25 Nov 2007

A Return to Paradise (for Exberliner Magazine)

Ever since Adam and Eve bit into the apple, looked down and gasped at their naked bits, man has shied away from nudity and sought forever to cover himself in garments. Without clothes he feels somewhat embarrassed, as if exposing something that would give himself away to others. Long has this characteristic woven itself into Western society, so often crossing paths with sexuality. But somewhere along the way, man, or Finnish man at least, dug up the notion of the sauna. And while today there are many social channels promoting a fearless sort of nudity (Germany certainly isn’t short of them), none seems to do it with quite such whole-hearted abandon as the sauna. Its almost like we’ve found a return to paradise, albeit temporary.

This allusion to an idyllic place is hardly one that strikes the anxious sauna first-timer. The prospect of complete nudity, everything told, in front of strangers who may well be the opposite sex can be alarming. Most of all, the mind cannot separate the sauna from sex. A foggy blur of sweaty bums, breasts and penises spring up and stand like blockades to objective judgment. I twitched every time my girlfriend set the idea upon me. ‘But what if…’

And then I was there and all the fog cleared (the steam sauna apart). This was like a fancy dress party. Turn up in normal clothes and you feel completely ridiculous compared to the person smoking a cigarette in the hippo outfit. Here of course, it was absurd to wear any clothes. Nudity was the norm, unremarkable. Bums there were, but these were as common as a pair of jeans on the street. Sexuality was a non-issue. Besides, does the appeal of sex not find its most potent form in the promise of what is hidden rather than the full exposé itself?

Something didn’t seem right. Something that I took for granted everyday, that I did as naturally as I blink and breathe. Ah yes, judgment! Categorising people that you see everyday and fitting them into the banal social pools that before long, becomes reflex. I couldn’t place the guy with long hair and a small tattoo over there on the far bench. Hair, and sometimes a tattoo, are all one has to go on. Long Hair might be a Harley-Davison character. But there was no moustache. Is he a grunge figure then?

This was the sauna guessing game. More pertinent however was the unearthly and refreshing neutrality of it all. It is said that early Finnish traditions saw the sauna as a welcome break to the great gender divide. In work and leisure, man and women had separate roles, but in the sauna everyone rolled up together. Similarly, it seems that some of our social divisions evaporate in the heat of the sauna.

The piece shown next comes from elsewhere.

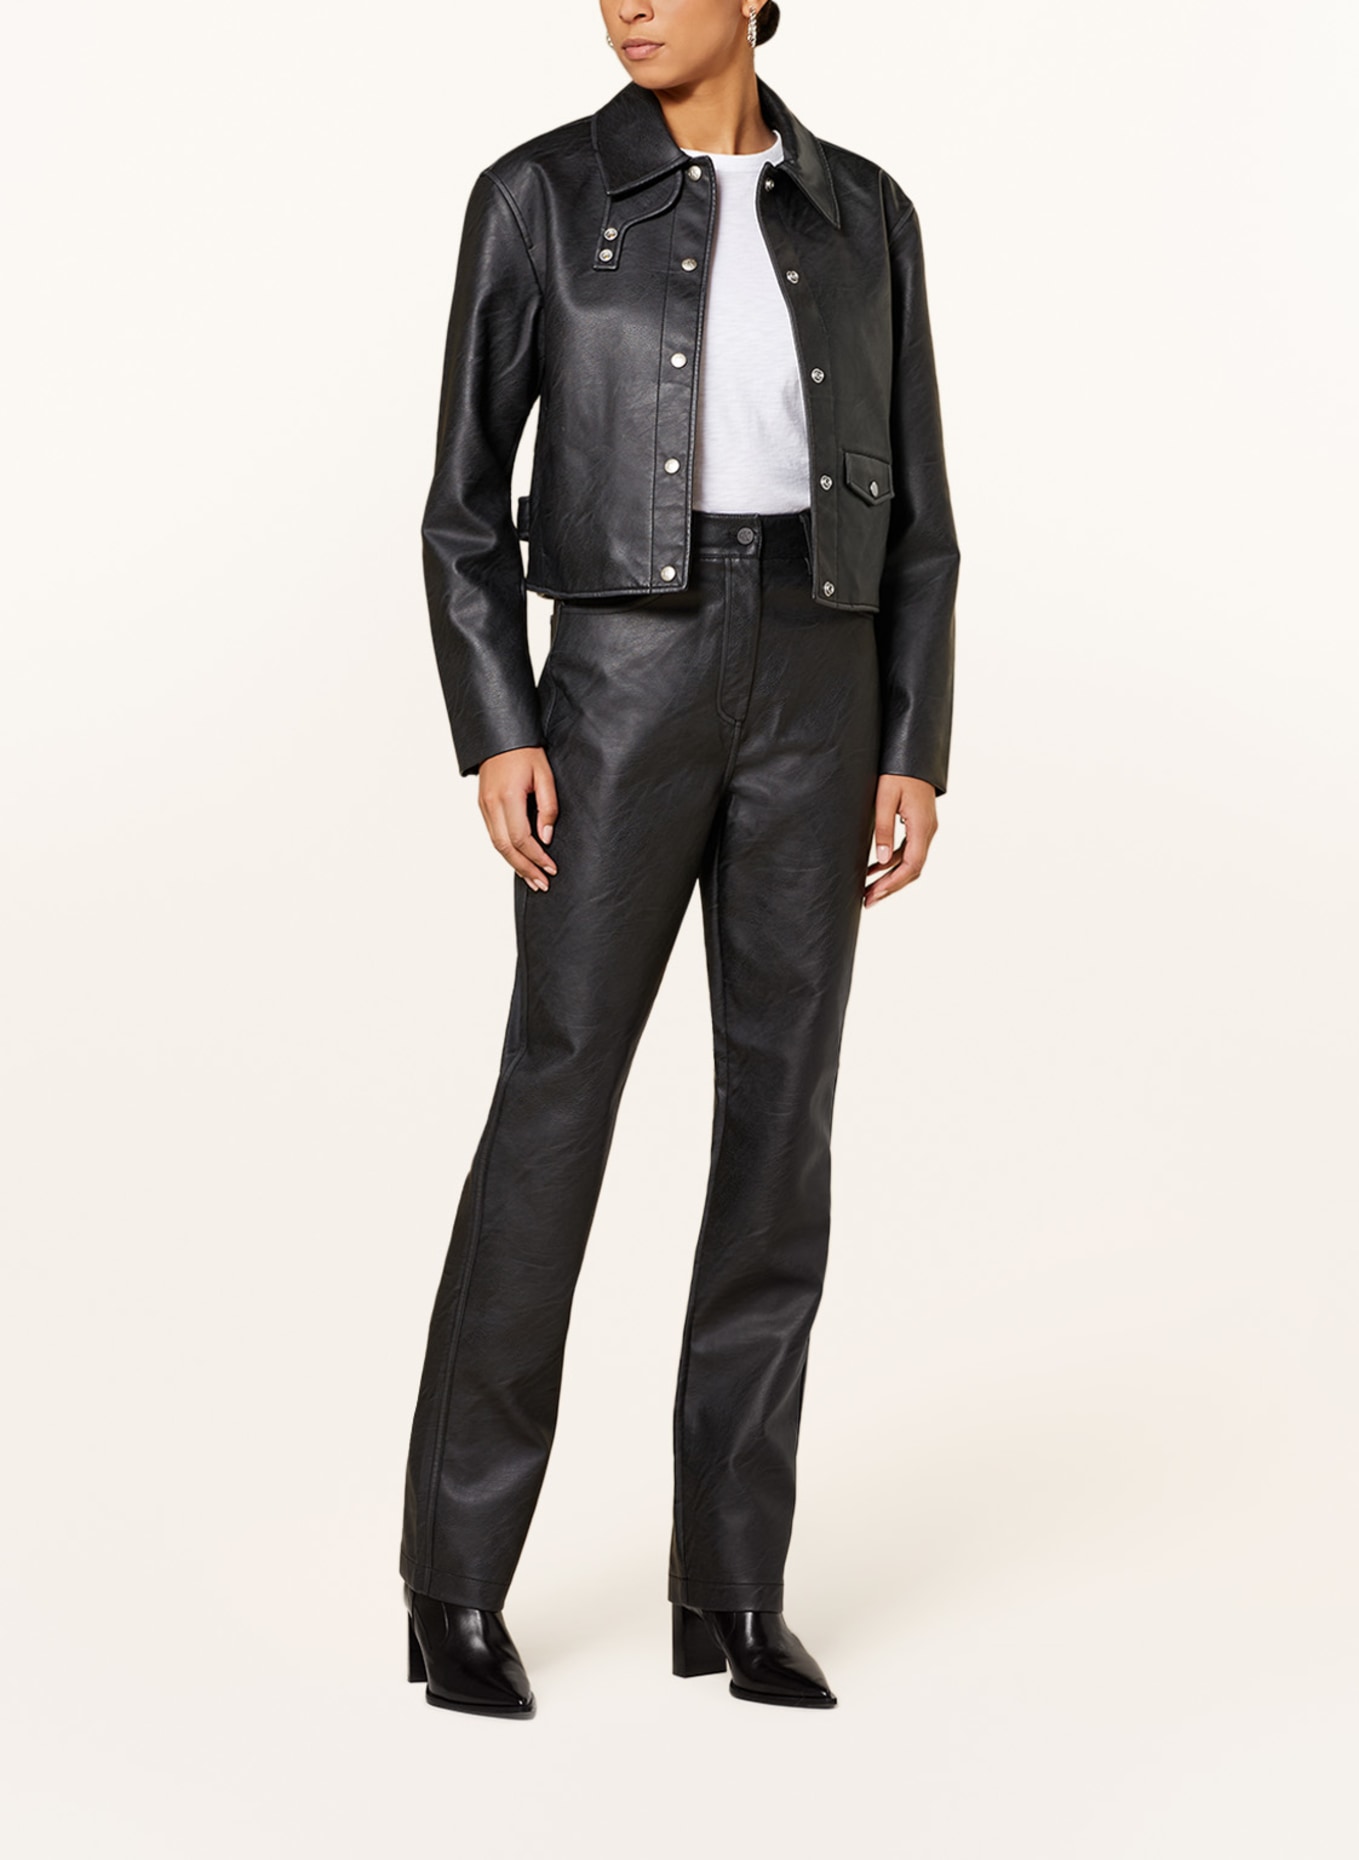 Calvin Klein Plus Size Knit Detail Women's Leather Jacket Black NWT $600 |  eBay

Sure enough, I met Long Hair shortly before we left the place. Here in the changing rooms we underwent a metamorphosis back into society’s labels, namely clothes. And I felt mildly ashamed. Now, getting dressed and covering up all those bits I had never wanted to expose in the first place, there was shame! I was giving myself away to others. I put on a hoodie, so I was a skater-dude presumably. All around me people were doing the same. For the last three hours these people had passed me here and there in the sauna, and I knew them only in their naked guise. Now that they suddenly wore clothes it was strange. Their bums were concealed but they were altogether exposed.

Some of my fellow saunerers turned out in the clothes I had imagined for them. But Long Hair, brandishing a clean-cut suit with a pink shirt underneath, and no sign of a leather outfit, came out of the blue. And then we slid back into the ‘real’ world, where nudity was a virtual sin, where the apple had been bitten.